■ What to produce: An exact transcription of all the data is required; the pictures are to be left out.

■ Data:

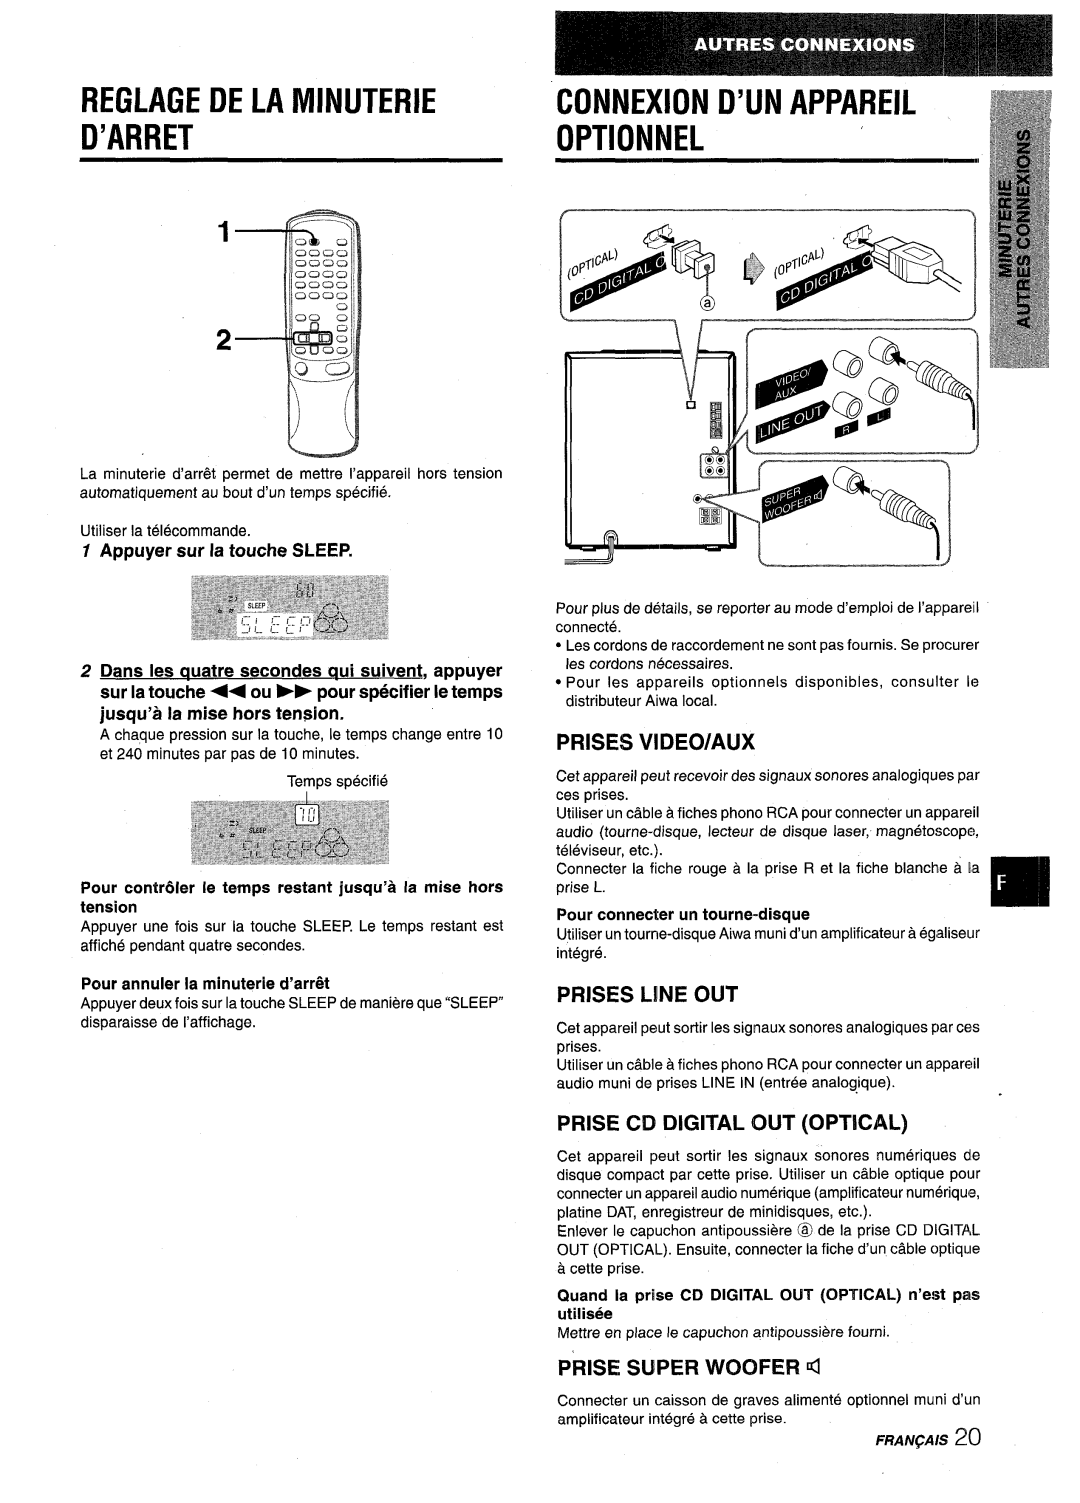 Aiwa NSX-V9000 manual D’Arret, o‘TIONNEL, cINNEXION D’UN APPAREIL, Prises Video/Aux, Prises L!Ne Out, PRISE SUPER WOOFER d 
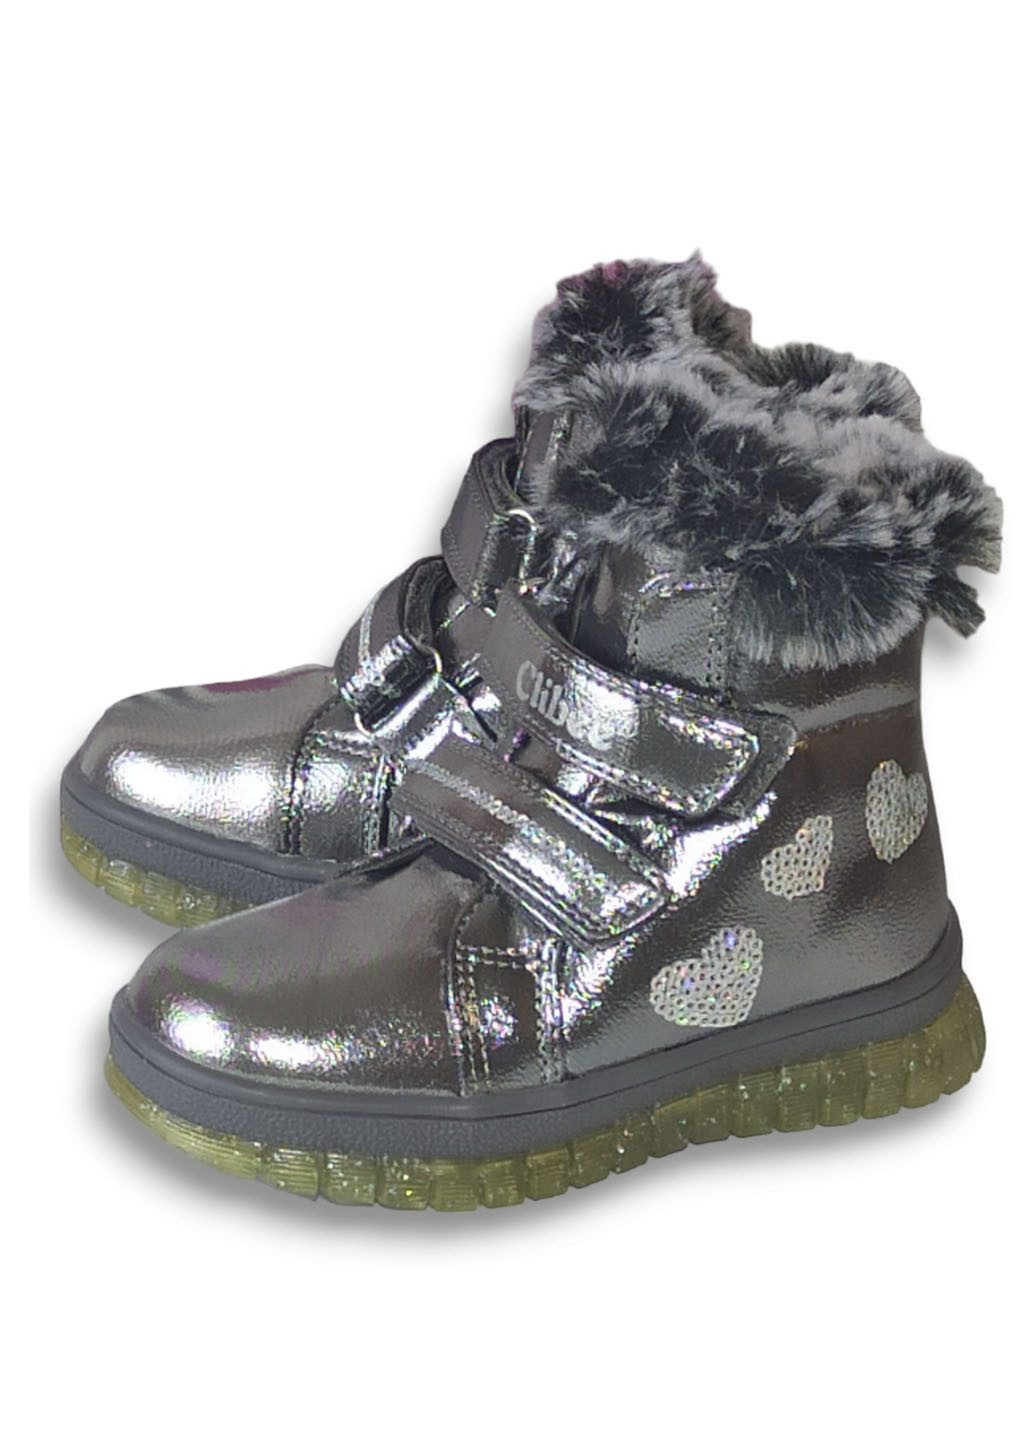 Серебряные повседневные зимние зимние ботинки для девочки на овчине н220 23-15,3см 24-15,8см 25-16,7см Clibee
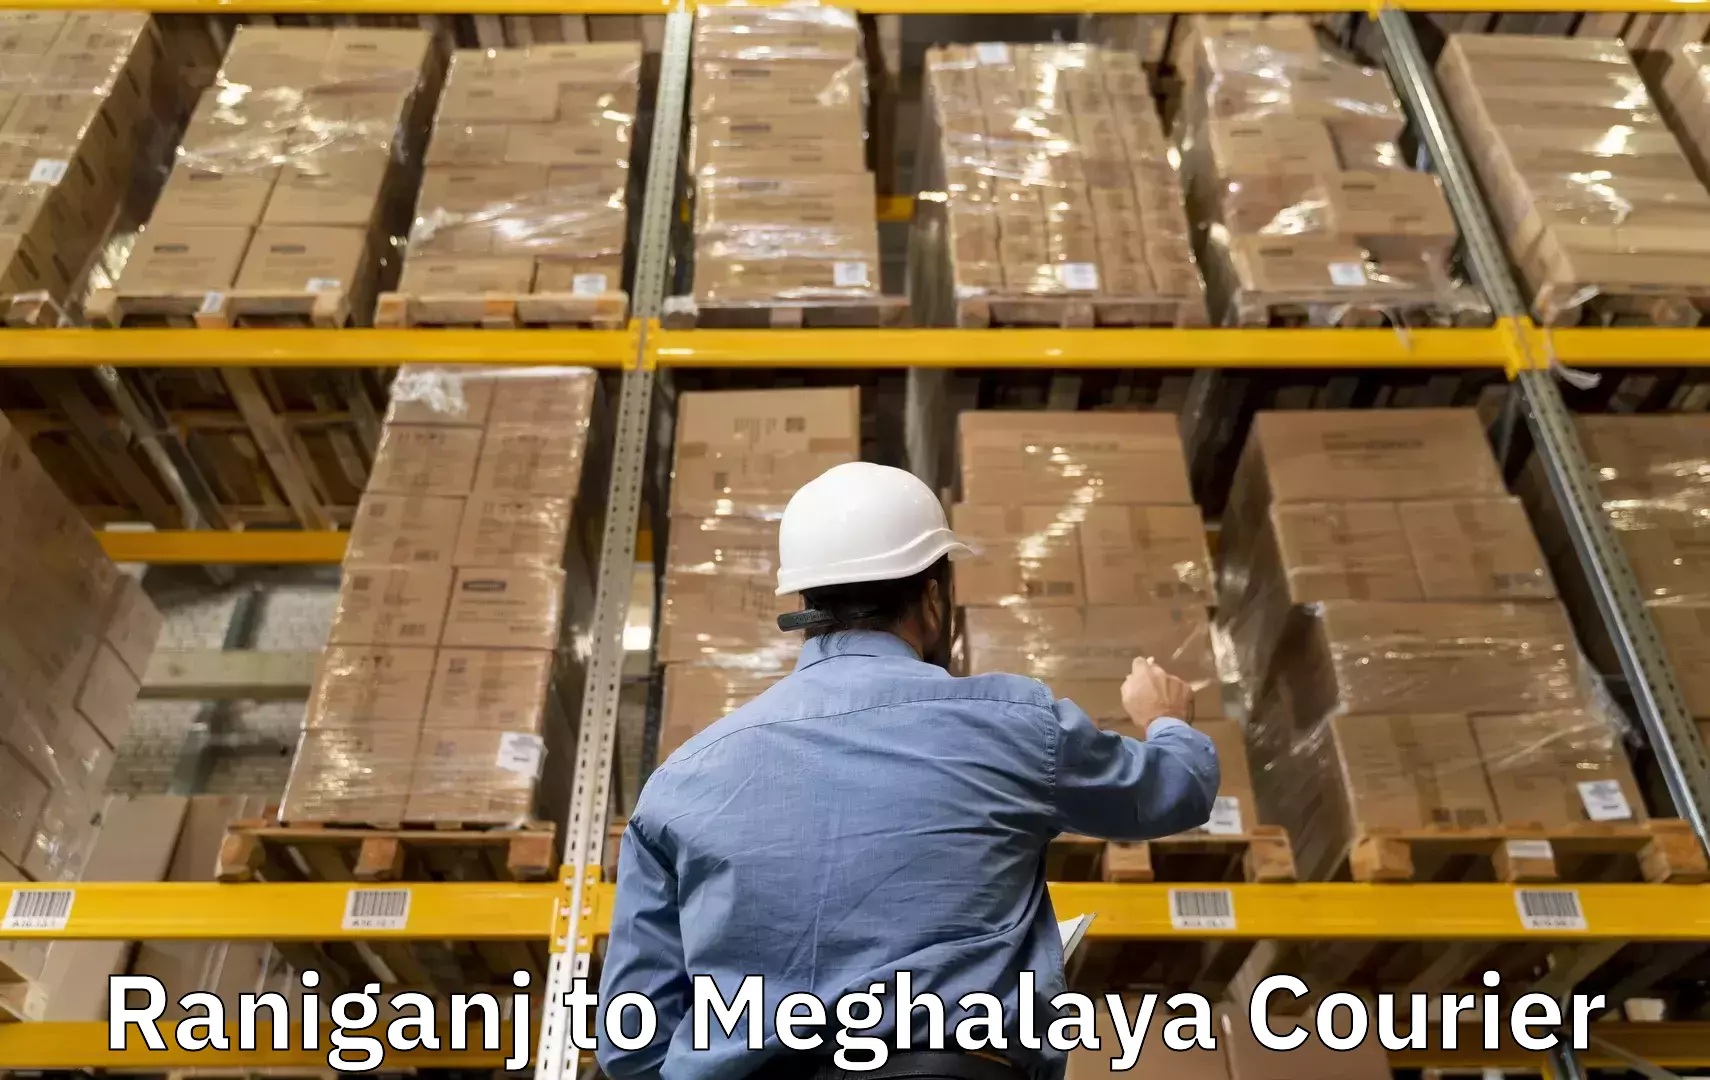 Baggage shipping service Raniganj to NIT Meghalaya
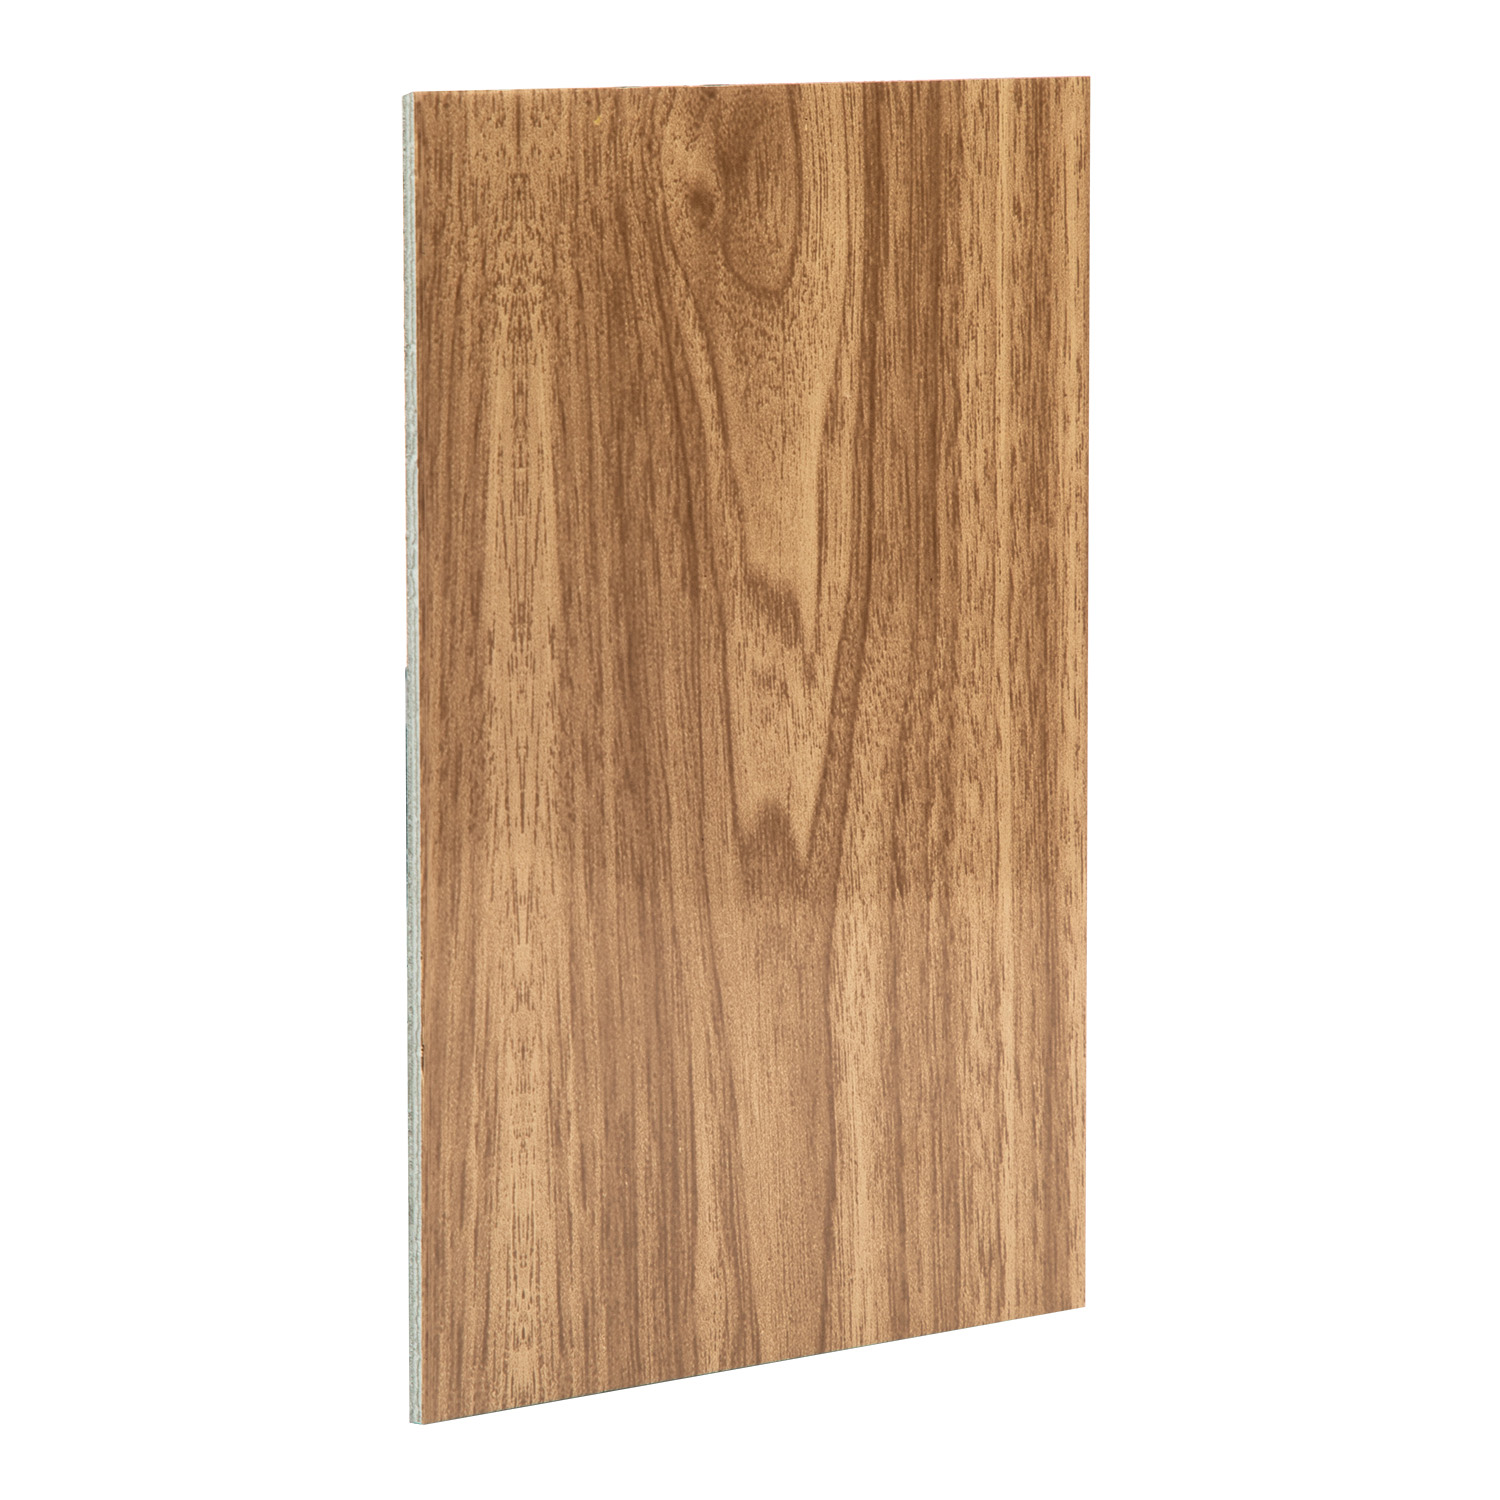 Wood Grain Aluminum Plastic Panel Aluminum Composite Panel

■ Your response:
 Aiwa NSX-V9000 manual D’Arret, o‘TIONNEL, cINNEXION D’UN APPAREIL, Prises Video/Aux, Prises L!Ne Out, PRISE SUPER WOOFER d 
 Серебряные повседневные зимние зимние ботинки для девочки на овчине н220 23-15,3см 24-15,8см 25-16,7см Clibee
 Baggage shipping service Raniganj to NIT Meghalaya
 Wood Grain Aluminum Plastic Panel Aluminum Composite Panel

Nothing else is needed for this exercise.